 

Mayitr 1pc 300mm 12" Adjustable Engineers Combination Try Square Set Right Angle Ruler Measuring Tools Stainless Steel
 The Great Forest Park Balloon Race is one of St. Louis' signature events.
* * *
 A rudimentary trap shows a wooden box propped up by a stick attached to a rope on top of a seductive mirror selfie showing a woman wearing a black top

§ **How to complete this task**:
Only the lines above starting at the one containing "Mayitr 1pc 300mm" and ending at the one containing "The Great Forest", both included, are to be returned, exactly as they read.

§ **Answer section**:
Mayitr 1pc 300mm 12" Adjustable Engineers Combination Try Square Set Right Angle Ruler Measuring Tools Stainless Steel
 The Great Forest Park Balloon Race is one of St. Louis' signature events.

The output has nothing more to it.